LANDSAT OLI/TIRS data (path/row: 139/43; spatial resolution 30 m) for 2016 have been obtained from the US Geological Survey (USGS) Global Visualization Viewer and used for deriving land surface temperature (LST), land use/cover (LuLc), evapotranspiration (ET). Monthly spatial rainfall data is extracted from TRMM (Tropical Rainfall Measuring Mission). Although on global scale, the spatial resolution (0.25°) of such multispectral data is considerably high, but for the study of the small-scale hydrological unit, such resolution is still to be considered as coarse (Immerzeel et al. 2009). Duan and Bastiaanssen (2013), Tong et al. (2014) suggested that for downscaling the study, close spacing point data can be created over the study area and inverse distance weighting (IDW) can be adopted for upgrading the spatial scale. Soil texture map of the basin is prepared from the map provided by National Bureau of Soil Survey and Land Use Planning department (India).

2.1 Method for Water Balance Calculation

Simple water balance equation (14.1) can be used for predicting regional and seasonal water deficit and surplus (Gokmen et al. 2013; Crosbie et al. 2015). Precipitation, runoff, evaporation, and recharge components are used for this purpose.

$$P = Q + {\text{ET}}_{\text{A}} + R_{{\text{GW}}}$$
(14.1)

where, P = precipitation; Q = runoff; ETA = Actual Evapotranspiration; RGW = Groundwater recharge.

2.2 Method for Surface Runoff Estimation

The Soil Conservation Service-Curve Number (SCS-CN) method (USDA) is used for runoff calculation (Eq. 14.2).

$$Q = \frac{(P - I_a )^2 }{{P - I_a + S}}$$
(14.2)

where, Q is actual surface runoff in mm, P is rainfall in mm, Ia is 0.4S/0.3S/0.2S/0.1S (season and climatic region-specific) initial abstraction (mm) or losses of water before runoff begins by soil and vegetation (such as infiltration, or rainfall interception by vegetation), 0.3S is usually used for wet, 0.1S is used dry seasons, S is the potential maximum retention. S can be calculated using Eq. 14.3.
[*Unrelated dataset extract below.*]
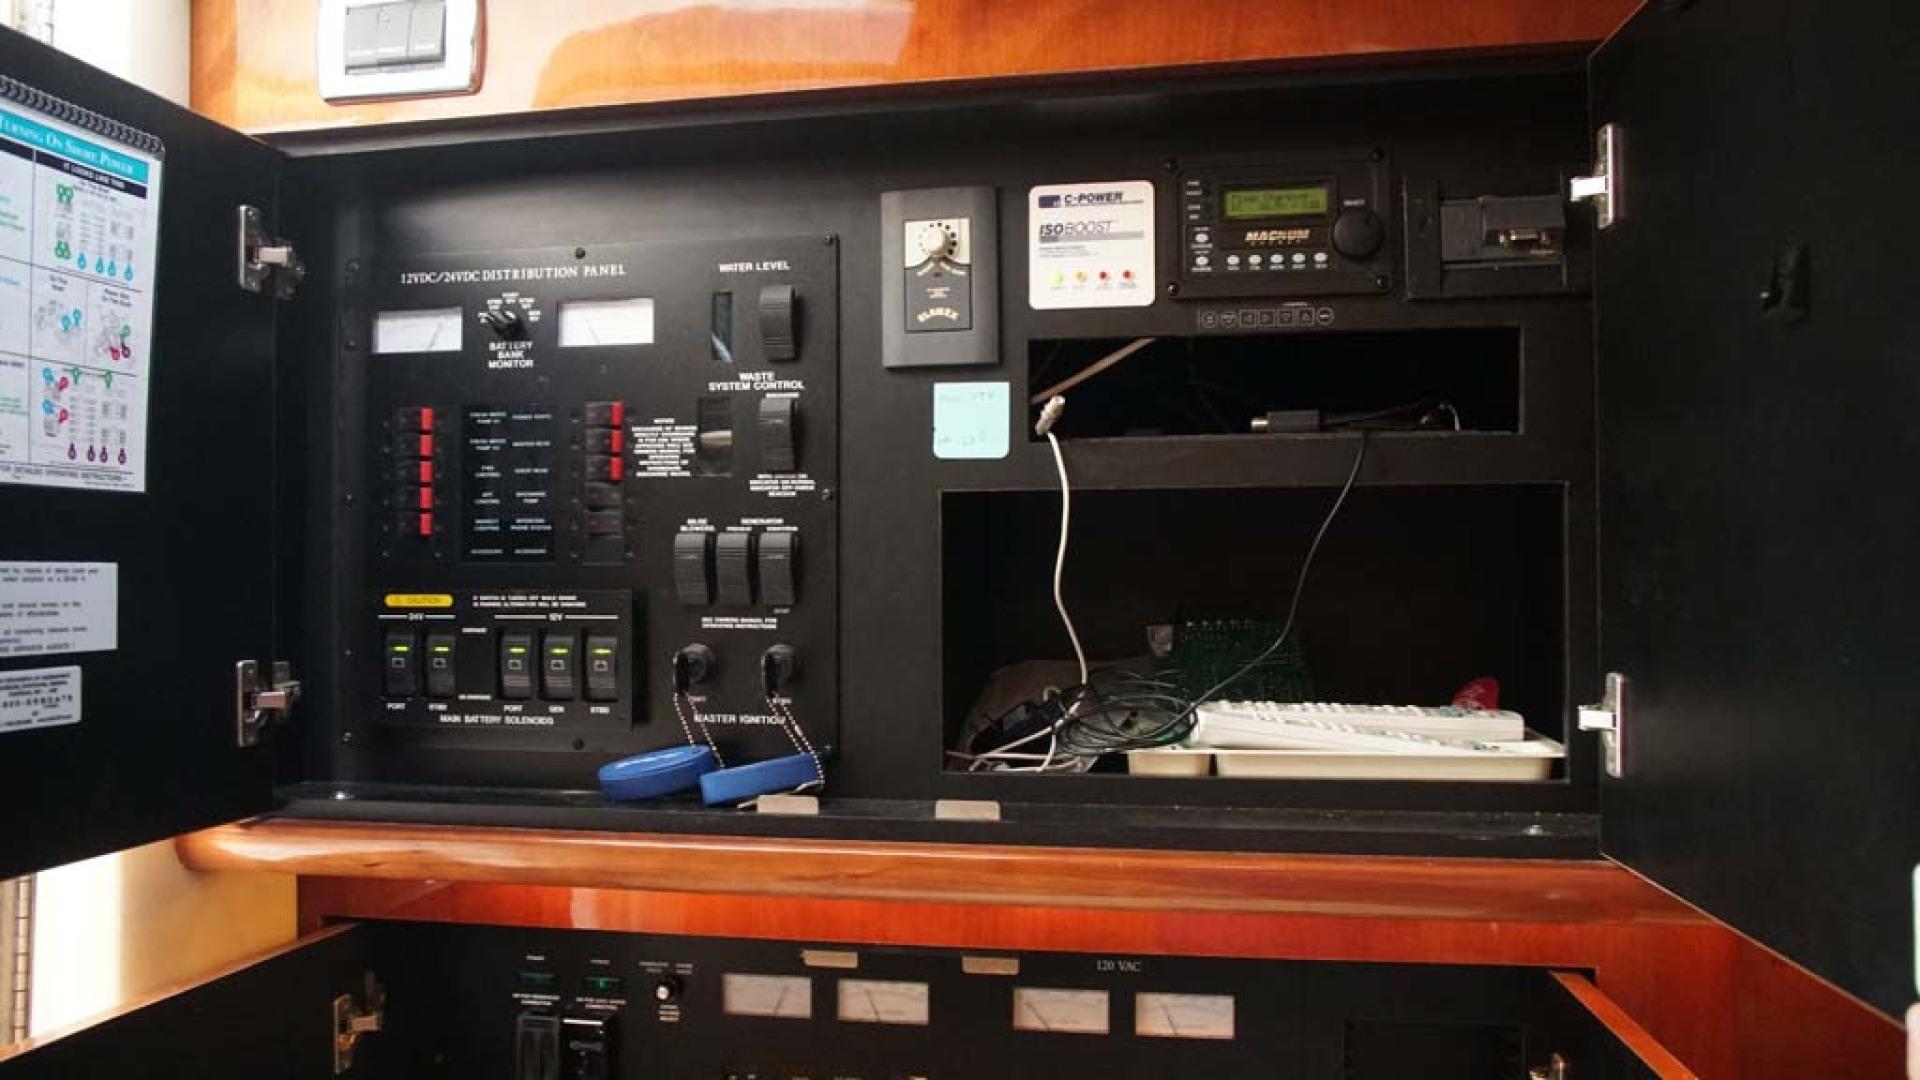 Sea Ray-510 Sundancer 2002-Therapy Orange Beach-Alabama-United States-Electrical Panel-1074376 | Thumbnail
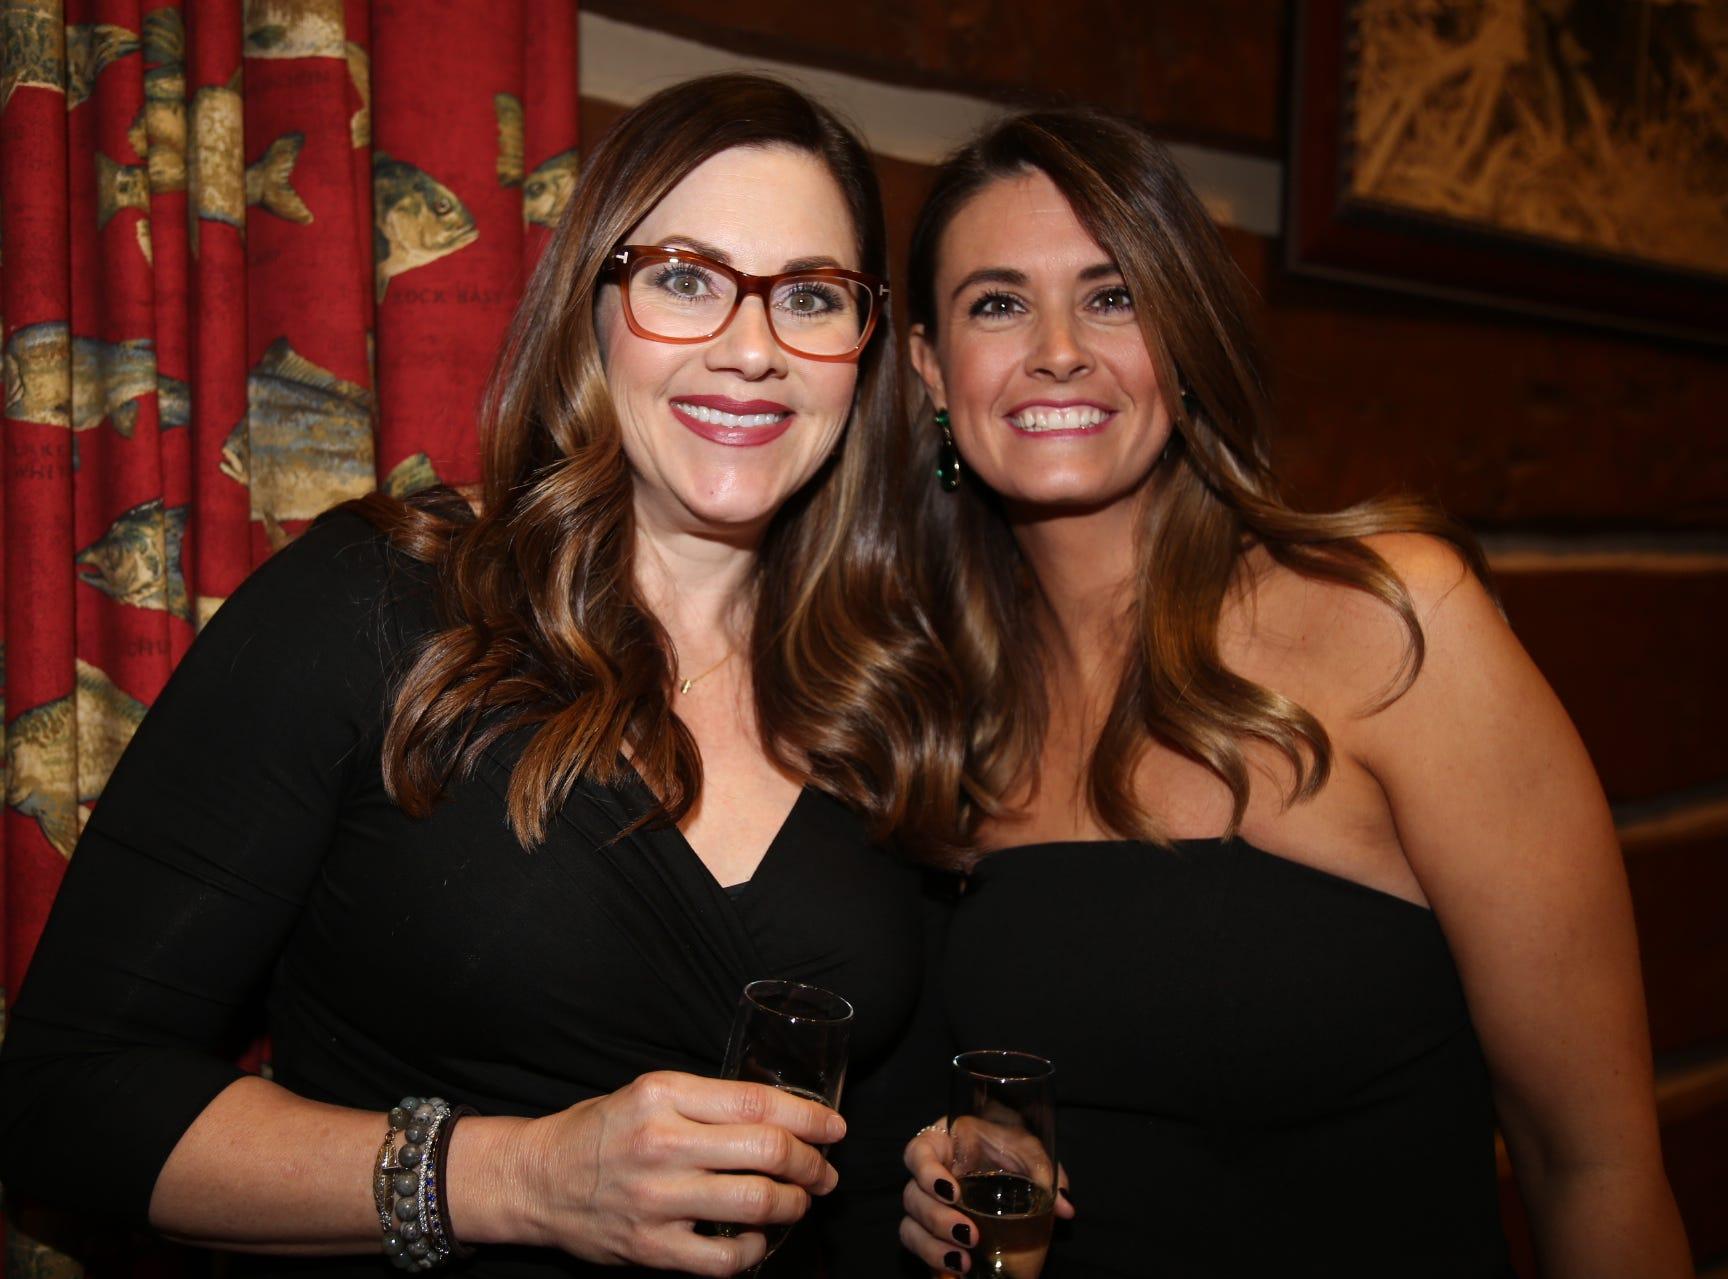 Jennifer Freeman and Emily Alloway

$$S = \frac{25,400}{{{\text{CN}}}} - 254$$
(14.3)

Some effective parameters for estimating CN for different spatial units are Land use land cover (LULC), hydrological soil group (HSG), and antecedent moisture condition (AMC). LULC map is prepared from multispectral Landsat OLI image following supervised classification (Maximum Likelihood) technique. Accuracy assessment of the classified image is done based on 231 google reference sites and 131 ground base references. Calculated Kappa coefficient of the classified image is 0.93. Arc-CN-Runoff extension tool of ArcGIS is used for precise quantification of runoff. Land use/land cover thematic layer and polygon of soil groups have been used in ARC-CN runoff.

Relative error (RE) (Eq. 14.4) and Nash–Sutcliffe efficiency (NSE) (Eq. 14.5) (Nash and Sutcliffe 1970), are widely used for evaluating the performance of runoff model (Moriasi et al. 2007). This techniqueis used here for testing the model.

$${\text{RE}} = \frac{{\left( {Q_i^{{\text{cal}}} - Q_i^{{\text{obs}}} } \right)}}{{\left( {Q_i^{{\text{obs}}} } \right)}} \times 100\%$$
(14.4)
$${\text{NSE}} = 1 - \frac{{\sum_{i = 1}^n {(Q_i^{{\text{cal}}} - Q_i^{{\text{obs}}} )^2 } }}{{\sum_{i = 1}^n {(Q_i^{{\text{cal}}} - Q_{{\text{mean}}}^{{\text{obs}}} )^2 } }}$$
(14.5)

where, \(Q_i^{{\text{obs}}}\) = runoff of the ith observation, \(Q_i^{{\text{cal}}}\) = calculated runoff of the same observation, \(Q_{{\text{mean}}}^{{\text{obs}}}\) = mean observed runoff.

RE value nearer to 0 specifies high optimality of the model performances. NSE ranges between −∞ and 1, where NSE = 1 is the optimal result. Values of NSE between 0 and1 are usually assumed as acceptable levels of performance, whereas the value of NSE < 0 points out that the mean observed value is a better predictor than the simulated value, and therefore, is treated as unacceptable (Moriasi et al. 2007). Khatun and Pal (2016) used these testing techniques for assessing the performance level of the runoff model in a similar environment. Actual monthly runoff data is measured at the confluence of Chandrabhaga river at Kaspai for validating models.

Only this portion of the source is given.